HEALTHCARE

MoH must resolve looming doctors' strike

In Summary

•The ministry in essence wants a licence to treat doctors shoddily confident that doctors are the mercy of ministry bureaucrats

• Ministry of Health officials, representatives of counties and the union, have failed to reach an agreement ever since the union reported a dispute in November 2021.

Health CS Susan Nakhumicha.
HEALTH SERVICES: Health CS Susan Nakhumicha.
Image: MOH/TWITTER

Every civilised society is judged by the way it manages its health services.

The Ministry of Health should make every effort possible to avert a looming strike the doctors union has announced.

Ministry of Health officials, representatives of counties and the union, have failed to reach an agreement ever since the union reported a dispute in November 2021.

A high level meeting between the parties, held in early January 2023, resolved that a pay dispute dating back to a 2017-2021 deal be completed by early March and the negotiations for new perks for 2021-2025 be initiated in February. None of the issues agreed have been resolved.

The team also agreed intern doctors (fresh graduates from university) be absorbed and compensated. That too is pending.

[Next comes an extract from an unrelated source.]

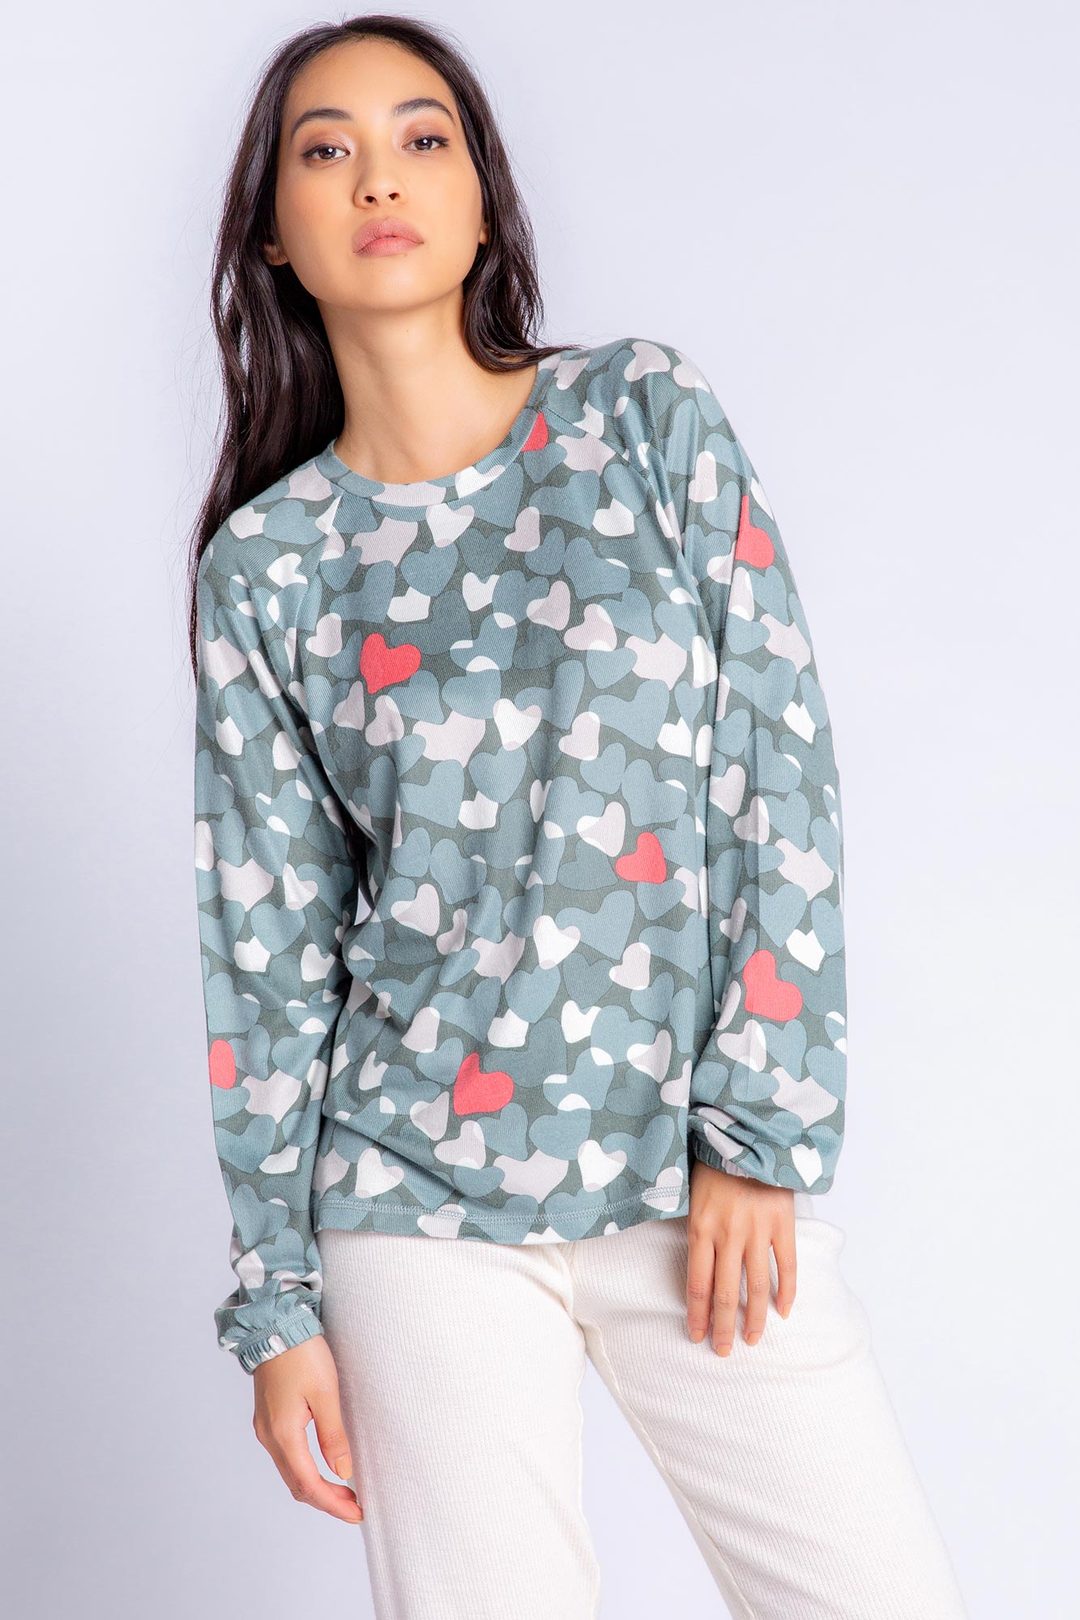 PJ Salvage Love In Camo Long Sleeve Top Color: Sage Size: XS at Petticoat Lane  Greenwich, CT

Only months ago, MoH sparked off a heated debate when it emerged that ministry chiefs had hatched a plan to block Kenyan doctors from moving abroad in search of better working conditions.

The ministry in essence wants a licence to treat doctors shoddily confident that doctors are the mercy of ministry bureaucrats.

Taxpayers spend a fortune to train doctors. The public that desperately needs medical attention in public hospitals are staring at a long and painful strike if the bosses at MoH do not as a matter of urgency act to settle the dispute.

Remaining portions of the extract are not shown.